Work item: Every line of the listing below should come back exactly as written, with no images.

Recorded information:
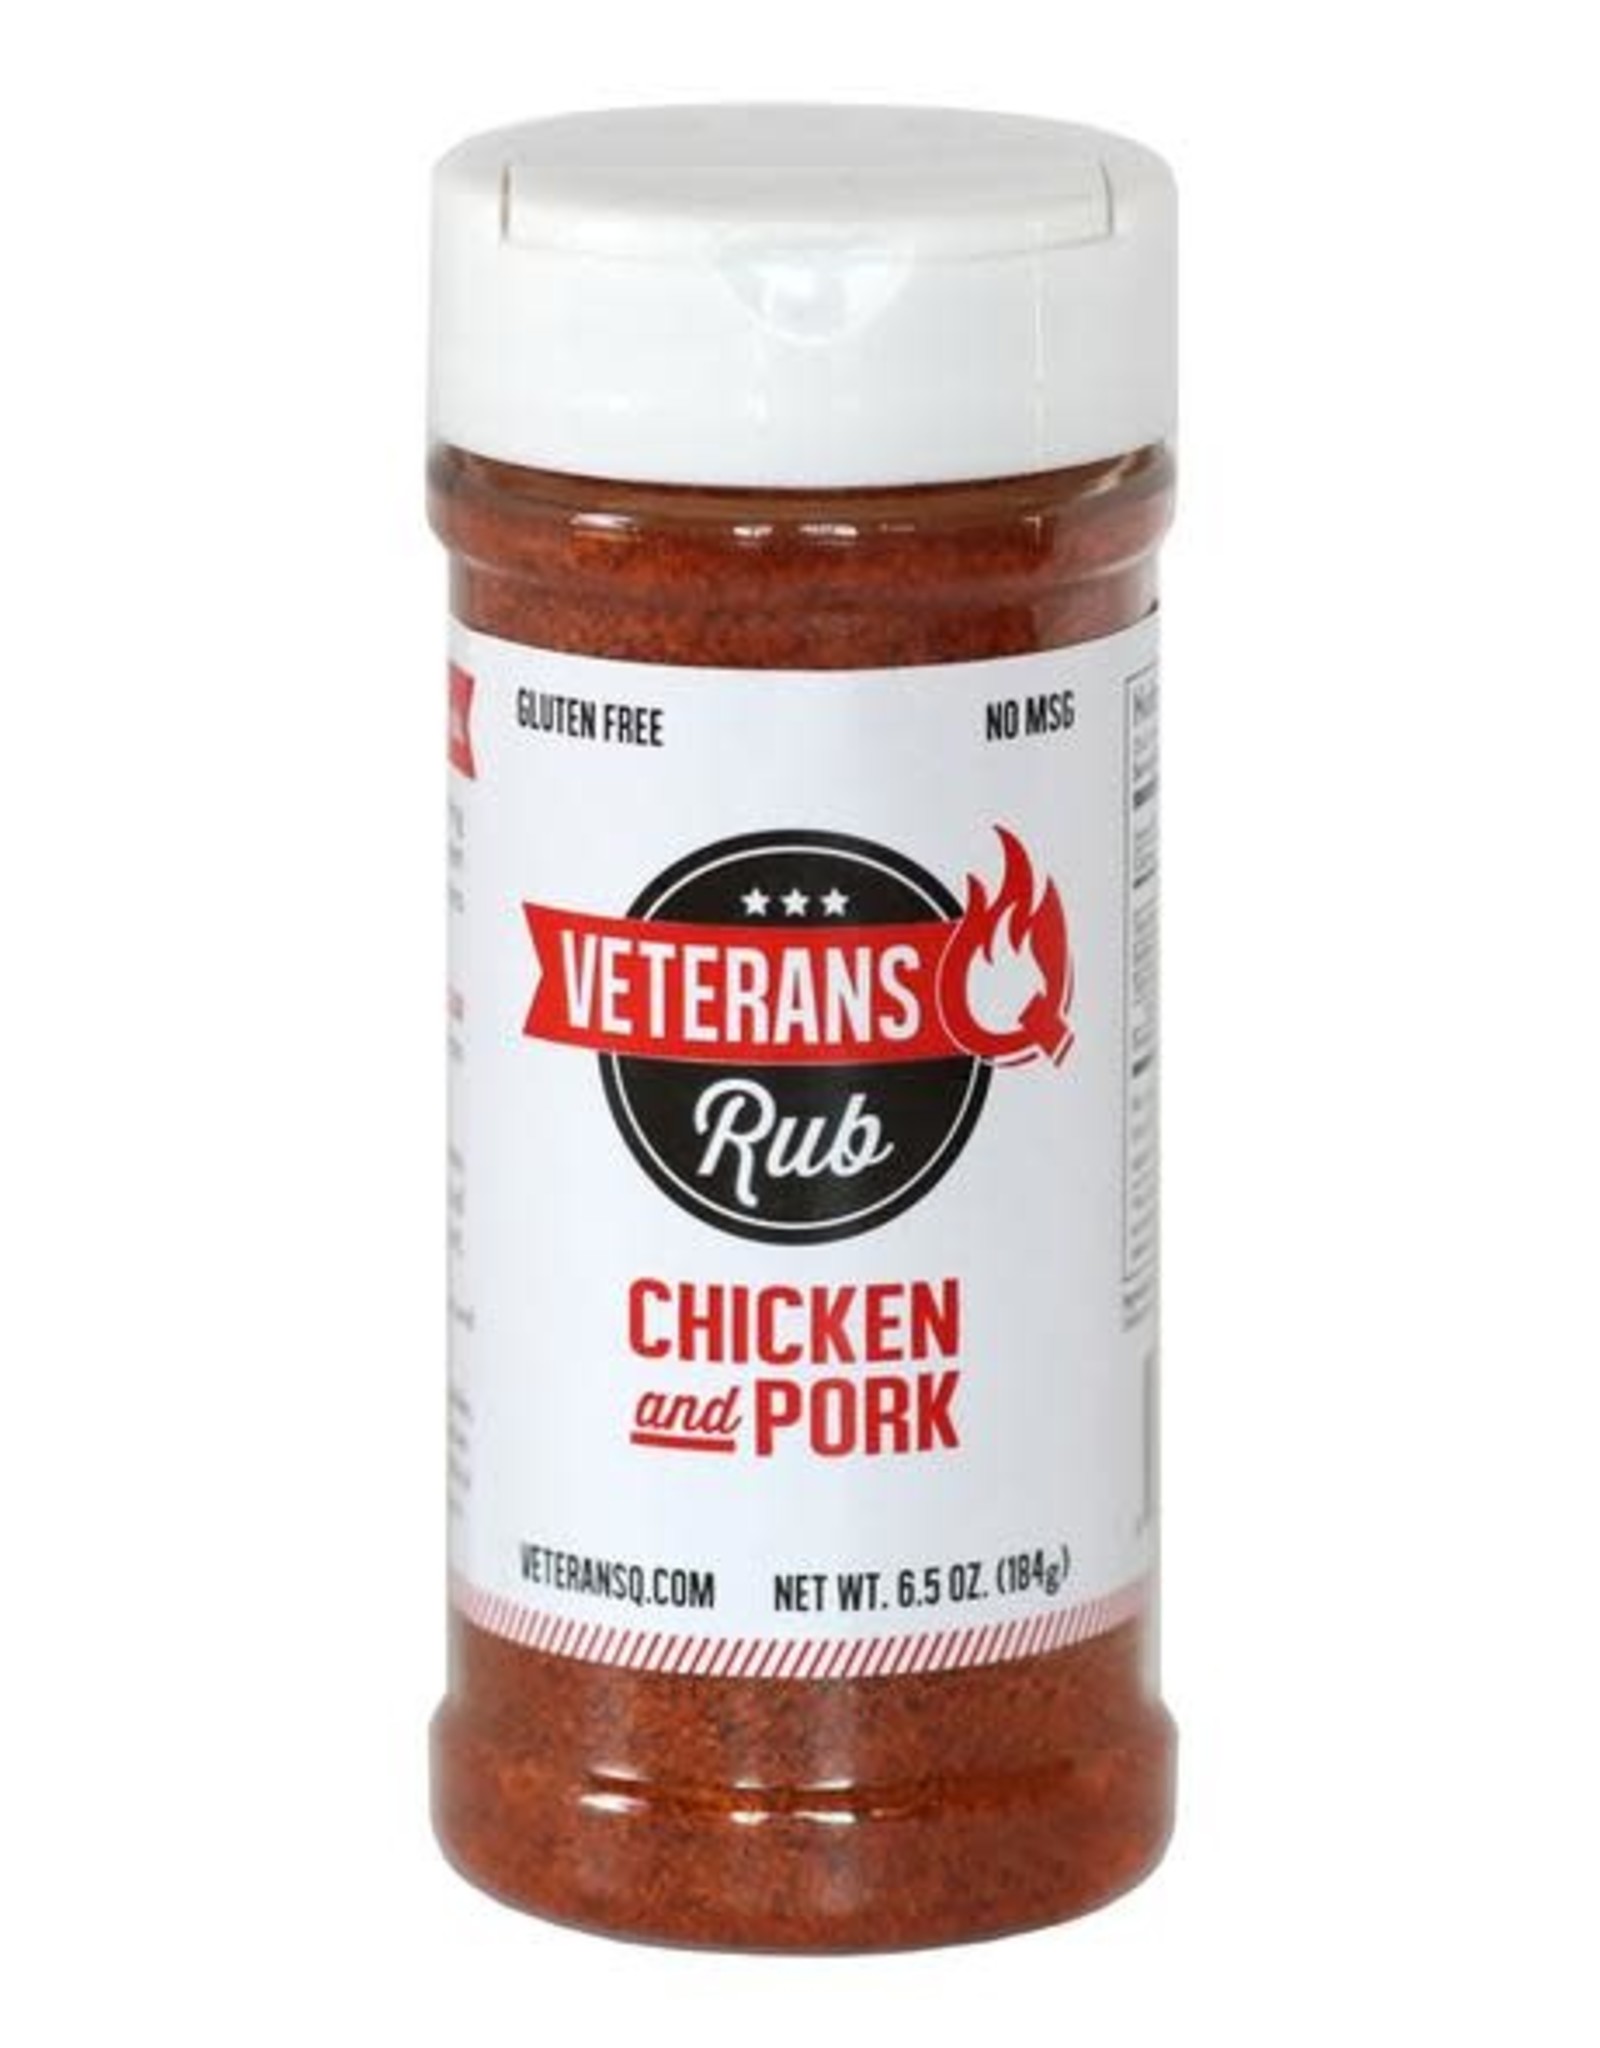 Veteran's Q Veterans Chicken & Pork Rub, 6.5oz.
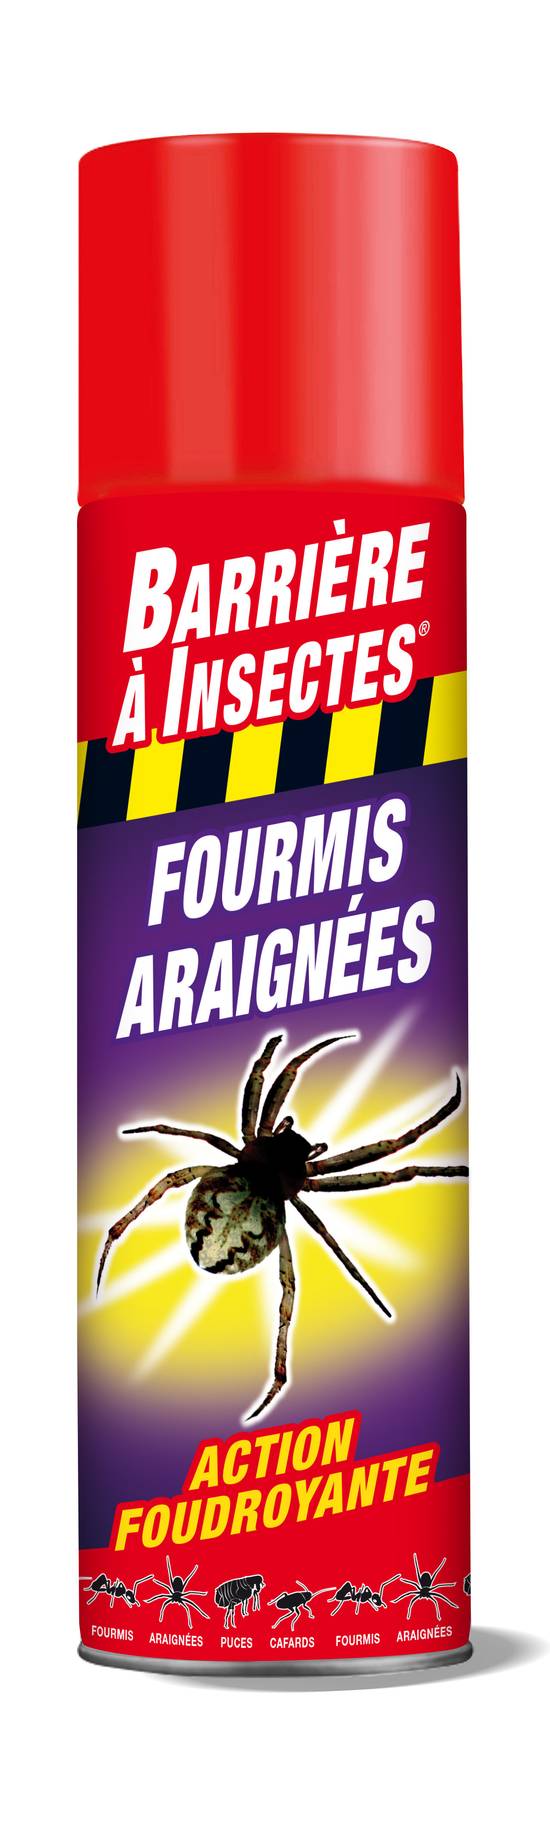 Barriere À Insectes - Anti insectes fourmis araignées
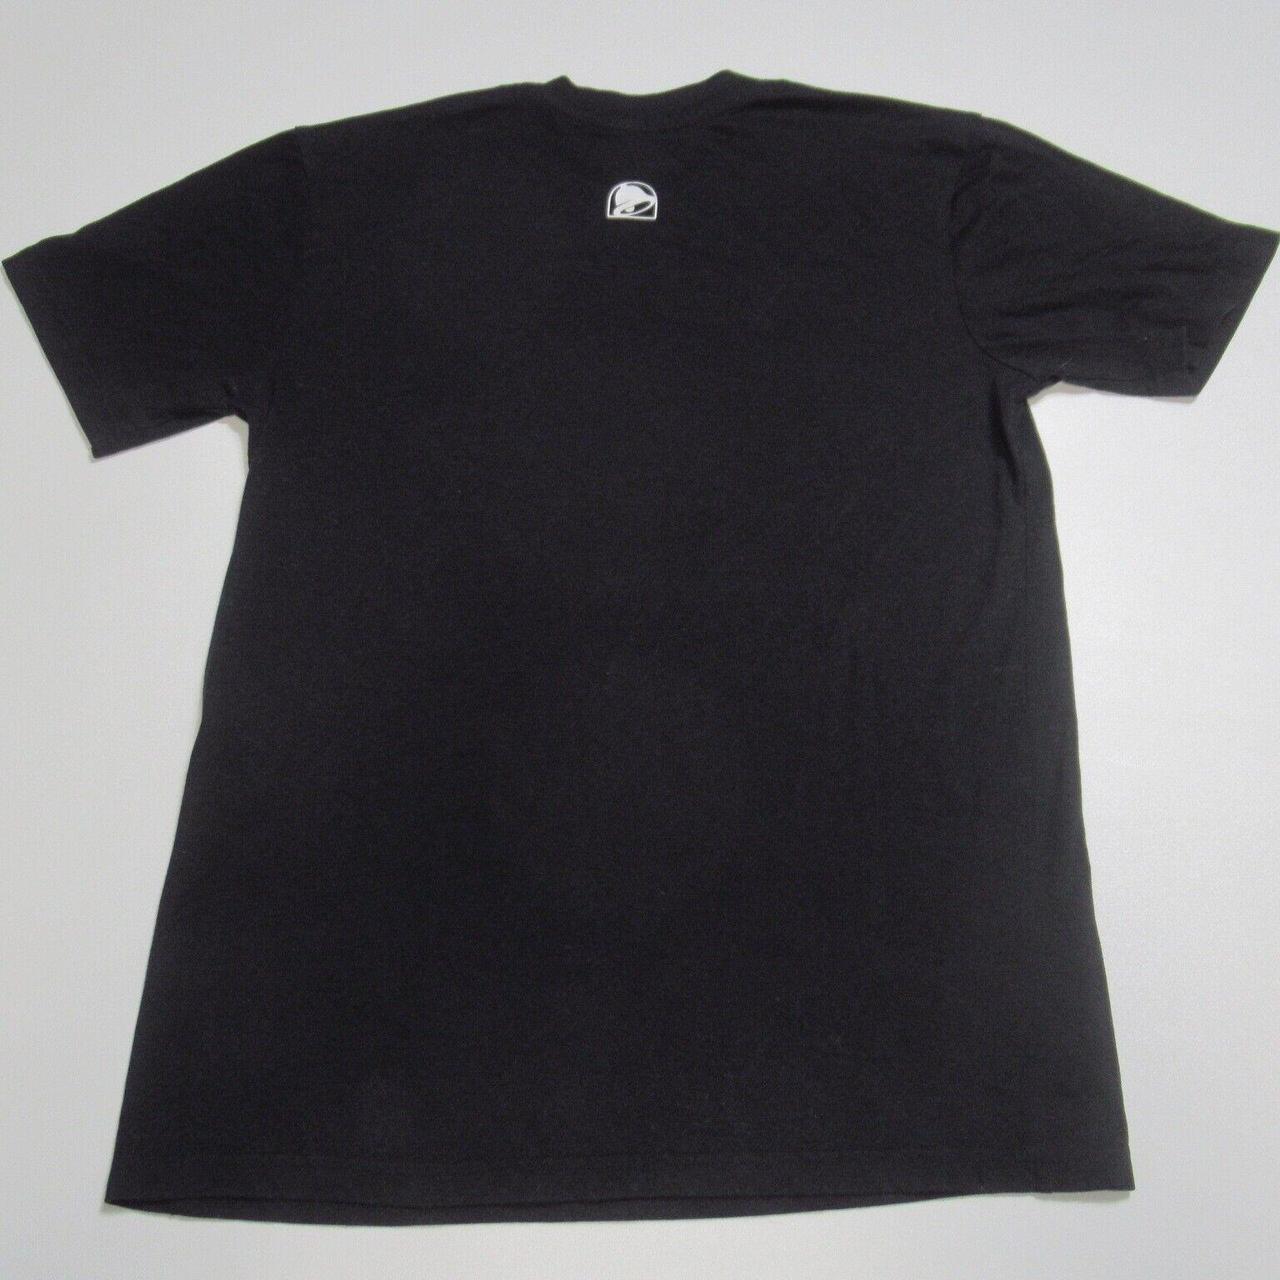 Bell Men's White and Black T-shirt (4)
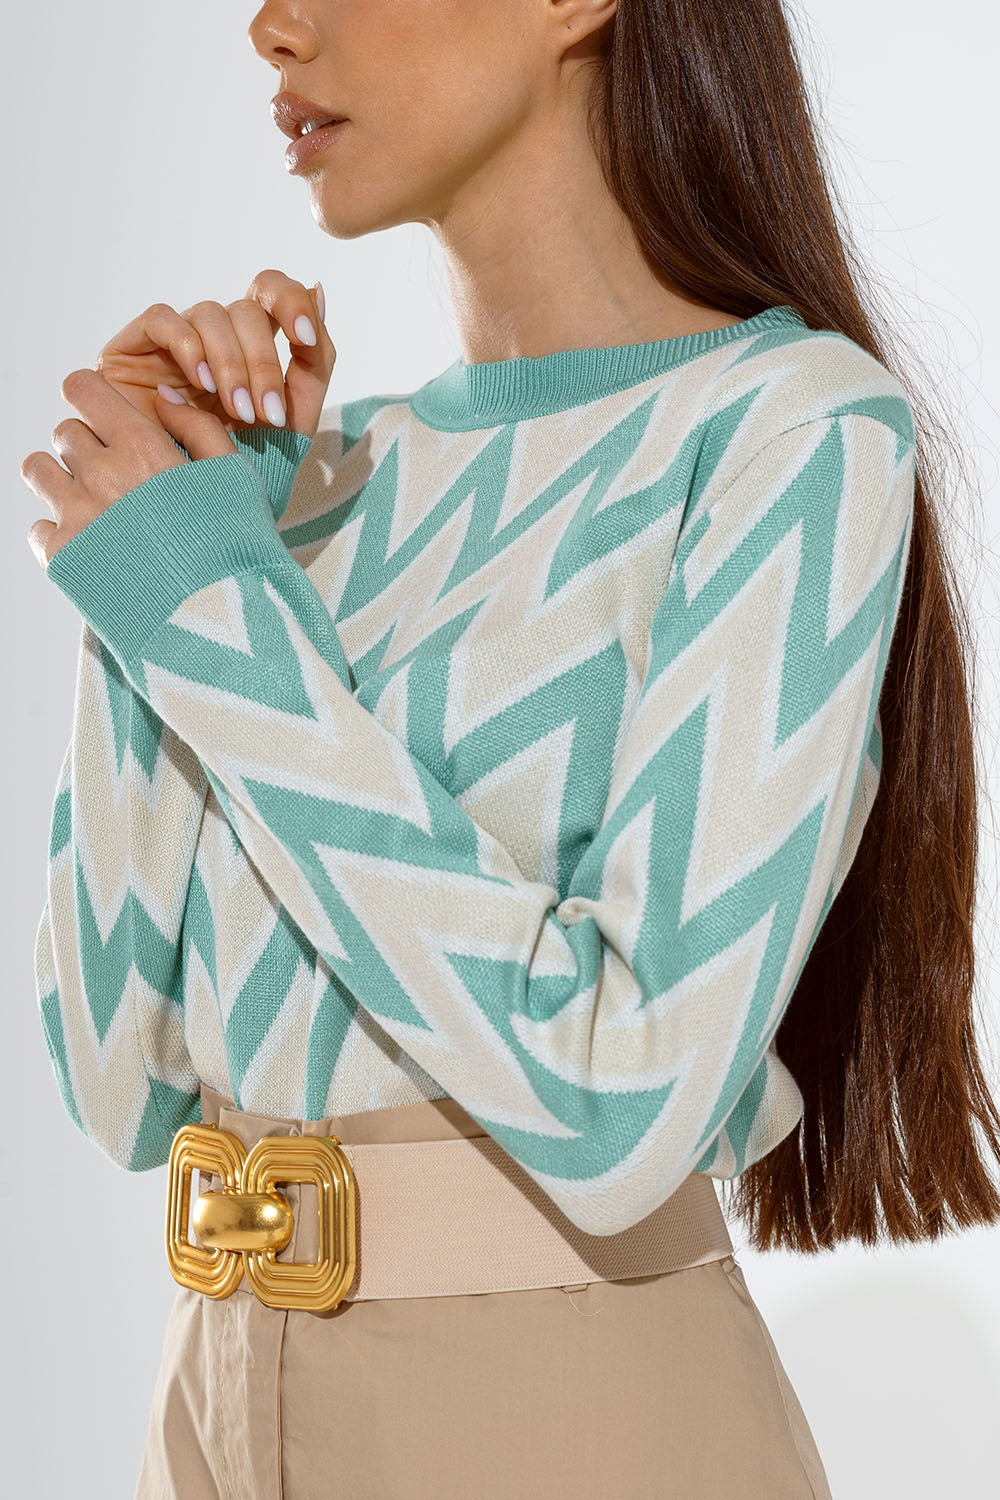 Pullover mit Zickzack-Muster für Damen in türkis kaufen

Task response:
 Veteran's Q Veterans Chicken & Pork Rub, 6.5oz.
 Barriere À Insectes - Anti insectes fourmis araignées
 Bell Men's White and Black T-shirt (4)
 Pullover mit Zickzack-Muster für Damen in türkis kaufen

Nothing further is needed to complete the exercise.